Task instructions: Below are the records; output them exactly from the first line through the line with "Inka + Omake", stopping there.
Segment Start: The input
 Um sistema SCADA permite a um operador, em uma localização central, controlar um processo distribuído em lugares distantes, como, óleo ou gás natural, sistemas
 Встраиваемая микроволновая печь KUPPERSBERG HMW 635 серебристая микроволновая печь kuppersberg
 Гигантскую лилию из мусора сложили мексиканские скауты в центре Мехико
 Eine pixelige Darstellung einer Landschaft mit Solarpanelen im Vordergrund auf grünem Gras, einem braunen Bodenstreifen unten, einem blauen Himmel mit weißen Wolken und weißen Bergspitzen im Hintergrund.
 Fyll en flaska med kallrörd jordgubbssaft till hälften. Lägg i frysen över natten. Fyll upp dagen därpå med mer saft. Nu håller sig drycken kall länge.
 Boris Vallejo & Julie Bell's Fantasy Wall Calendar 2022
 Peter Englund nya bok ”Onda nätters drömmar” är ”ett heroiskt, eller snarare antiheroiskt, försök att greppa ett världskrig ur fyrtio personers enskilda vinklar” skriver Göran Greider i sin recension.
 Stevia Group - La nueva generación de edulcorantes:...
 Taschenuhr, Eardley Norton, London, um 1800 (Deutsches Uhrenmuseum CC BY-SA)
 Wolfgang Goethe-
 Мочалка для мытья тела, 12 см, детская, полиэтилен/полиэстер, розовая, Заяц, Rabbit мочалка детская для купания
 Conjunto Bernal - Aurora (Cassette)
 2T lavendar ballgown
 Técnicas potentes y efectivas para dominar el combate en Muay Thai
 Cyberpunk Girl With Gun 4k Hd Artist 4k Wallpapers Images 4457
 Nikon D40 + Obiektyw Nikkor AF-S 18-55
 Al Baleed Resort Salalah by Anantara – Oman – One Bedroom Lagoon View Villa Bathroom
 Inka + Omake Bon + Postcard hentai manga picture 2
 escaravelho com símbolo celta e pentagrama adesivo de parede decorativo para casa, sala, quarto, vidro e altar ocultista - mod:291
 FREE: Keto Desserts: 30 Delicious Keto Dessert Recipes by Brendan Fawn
Segment End: The input
Answer box:
 Um sistema SCADA permite a um operador, em uma localização central, controlar um processo distribuído em lugares distantes, como, óleo ou gás natural, sistemas
 Встраиваемая микроволновая печь KUPPERSBERG HMW 635 серебристая микроволновая печь kuppersberg
 Гигантскую лилию из мусора сложили мексиканские скауты в центре Мехико
 Eine pixelige Darstellung einer Landschaft mit Solarpanelen im Vordergrund auf grünem Gras, einem braunen Bodenstreifen unten, einem blauen Himmel mit weißen Wolken und weißen Bergspitzen im Hintergrund.
 Fyll en flaska med kallrörd jordgubbssaft till hälften. Lägg i frysen över natten. Fyll upp dagen därpå med mer saft. Nu håller sig drycken kall länge.
 Boris Vallejo & Julie Bell's Fantasy Wall Calendar 2022
 Peter Englund nya bok ”Onda nätters drömmar” är ”ett heroiskt, eller snarare antiheroiskt, försök att greppa ett världskrig ur fyrtio personers enskilda vinklar” skriver Göran Greider i sin recension.
 Stevia Group - La nueva generación de edulcorantes:...
 Taschenuhr, Eardley Norton, London, um 1800 (Deutsches Uhrenmuseum CC BY-SA)
 Wolfgang Goethe-
 Мочалка для мытья тела, 12 см, детская, полиэтилен/полиэстер, розовая, Заяц, Rabbit мочалка детская для купания
 Conjunto Bernal - Aurora (Cassette)
 2T lavendar ballgown
 Técnicas potentes y efectivas para dominar el combate en Muay Thai
 Cyberpunk Girl With Gun 4k Hd Artist 4k Wallpapers Images 4457
 Nikon D40 + Obiektyw Nikkor AF-S 18-55
 Al Baleed Resort Salalah by Anantara – Oman – One Bedroom Lagoon View Villa Bathroom
 Inka + Omake Bon + Postcard hentai manga picture 2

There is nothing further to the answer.